Professional networking sites such as LinkedIn have given candidates the power to research companies, find out who the key contacts are at the organisations they would like to work and make direct approaches, which adds to difficulty in retaining staff, particularly those staff who are disengaged. Many talented employees will be aware that the skills and qualifications they have are in demand, so rather than wait for a vacancy to apply to, they are confident enough to make speculative approaches.
Whereas in 2008-20012, employees were content to keep their heads down and work away, now with a backdrop of (almost) full employment and a stable economy, employees are more likely to put their head above the parapet and see what offers they might receive, if they feel they are being under-paid. In the 2018 Engineering Manager Salary Survey we undertook, 61% of survey respondents stated that increased salary was a key motivator to them seeking out alternative work.
We would urge Food & Drink businesses to constantly benchmark salaries across all positions, to see if their salaries offered are competitive with similar companies within a 30-mile radius. If you find you are finding that you are falling behind what others are paying, it won’t be long before you start losing people, so pre-empt this by increasing pay levels. A £2000 increase today may save you £30000 a few months down the line. The pay threshold where you are likely to see staff join leave is around 10%, so for example if the Factory down the road is paying its Engineers 10% more, you are likely to start losing people.
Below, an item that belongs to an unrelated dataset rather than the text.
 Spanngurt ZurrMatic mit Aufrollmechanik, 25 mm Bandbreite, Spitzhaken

Senior Management Treat Employees well
Have you ever been in a job where you were overworked and underpaid? Chances are you didn’t stay in it very long. Treating staff well doesn’t always mean paying them more, giving them large bonuses or benefits. It can be the little things that makes all the difference, such as making sure they are supported, have a manageable workload, have a culture of teamwork and inclusion, ensuring staff have the tools to do the job, ensuring they are adequately trained, ensuring they are listened to and treated fairly, ensuring staff are incentivised and paid the appropriate salary, ensuring employees are appreciated and given recognition for a job well done.
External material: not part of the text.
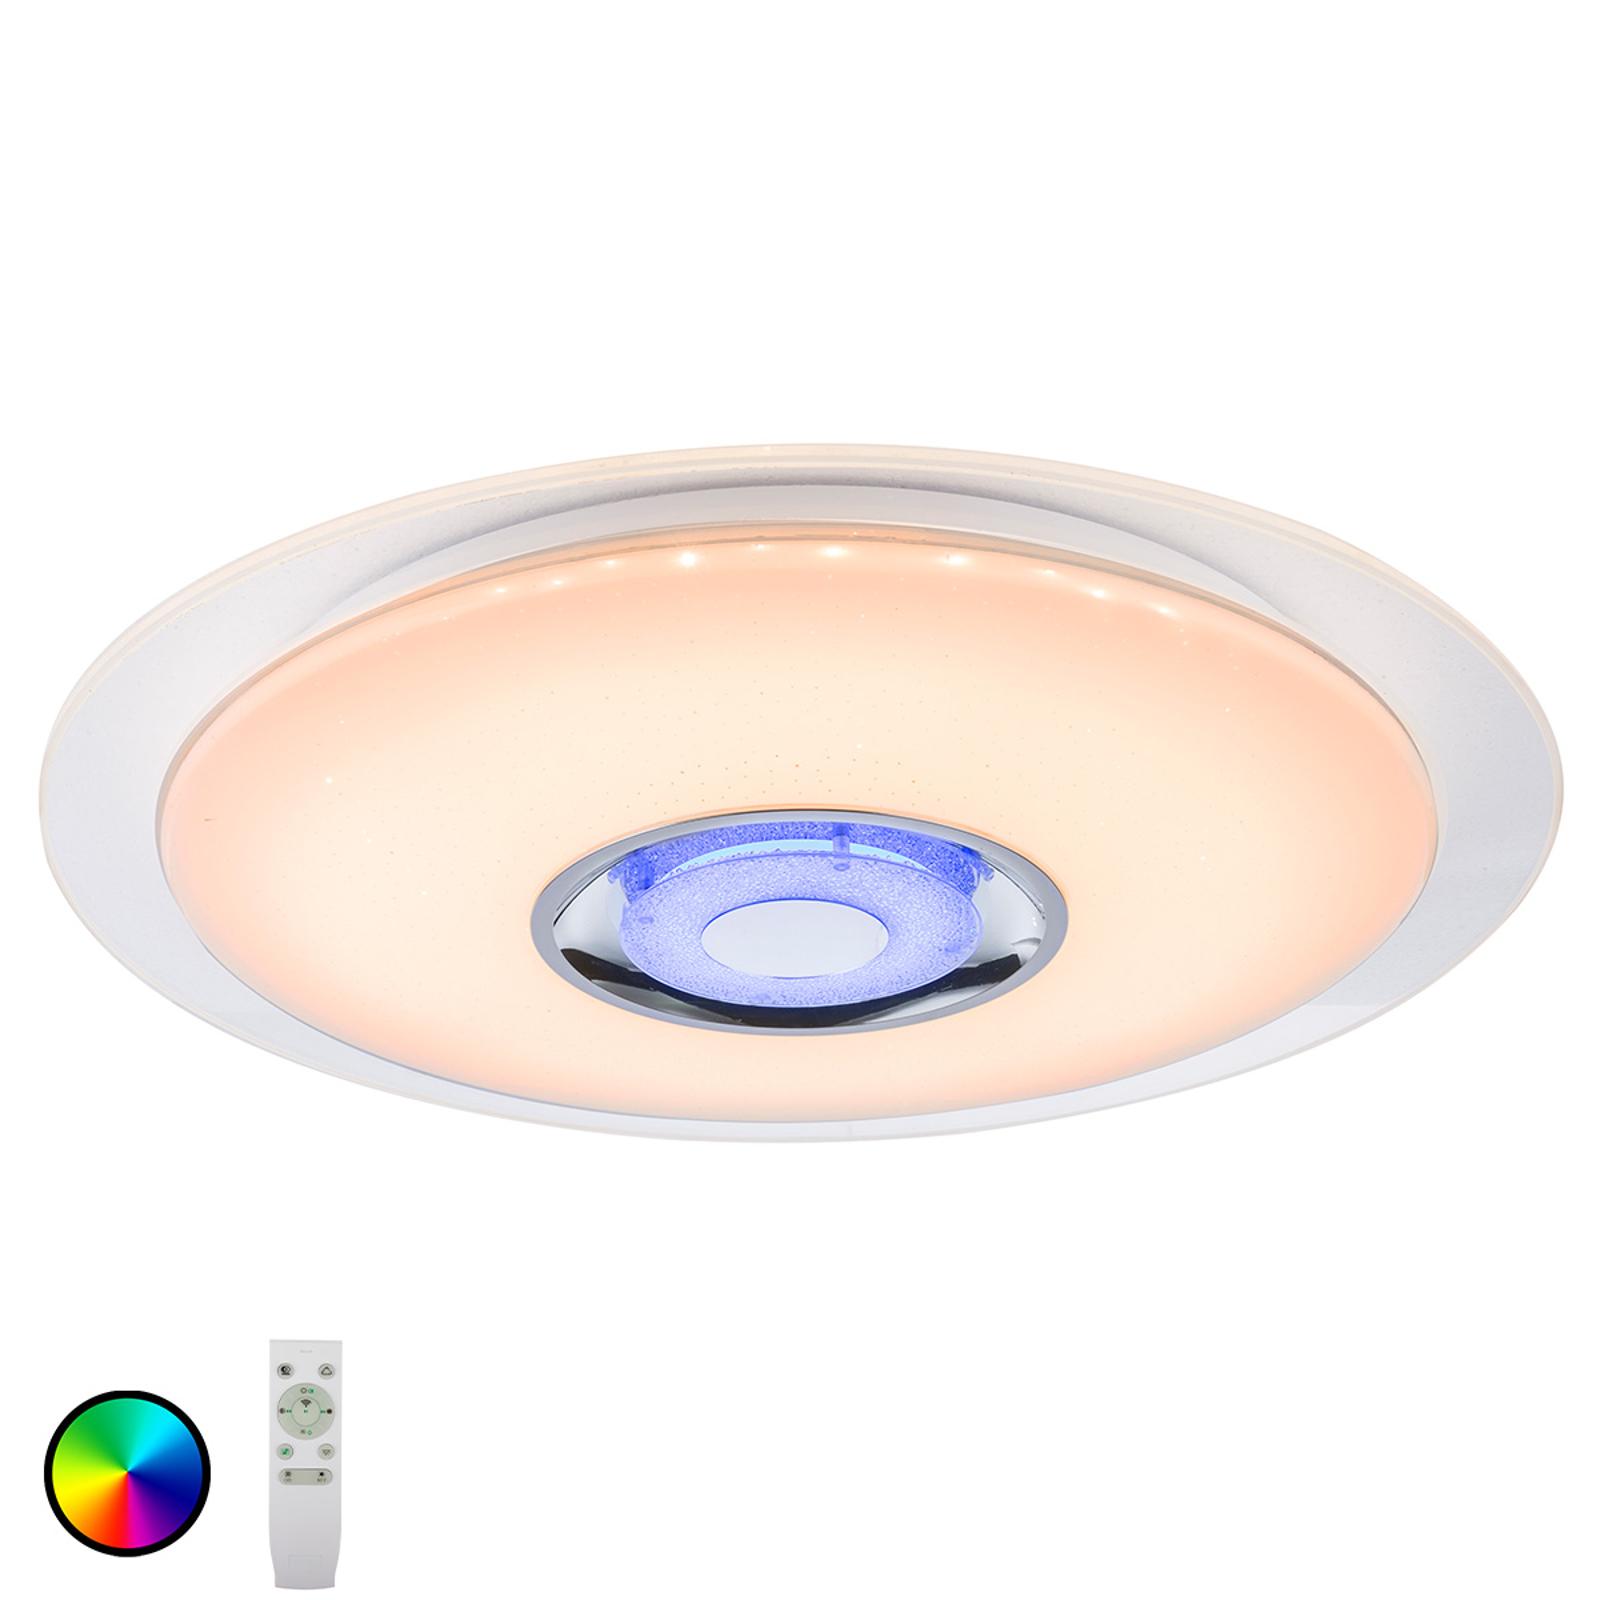 LED-taklampe Tune RGB med høyttaler Ø 47.5

Treating employees well is all about good Management. We speak to many disenfranchised Food professionals who contact us with stories of bad management, how they have not been able to implement change due to bad management, how they can’t function in the role due to bad management, how the style of management is creating a toxic culture within the business. Staff retention should always start with good management and treating staff well.
Talented Food professionals will always be in demand and even with the most progressive staff retention policy, you will still experience some attrition. However, the way in which Food & Drink businesses treat their staff will be a major factor in how well they retain their best people.
The culture of a business starts at the top and cascades down and if the senior team is aware and attuned to the needs of its talent and can keep its talent engaged, motivated, excited and productive, they have a chance of retaining the best and bringing more talent into the business. If you treat people well and give them a reason to stay, they will generally repay you with their loyalty.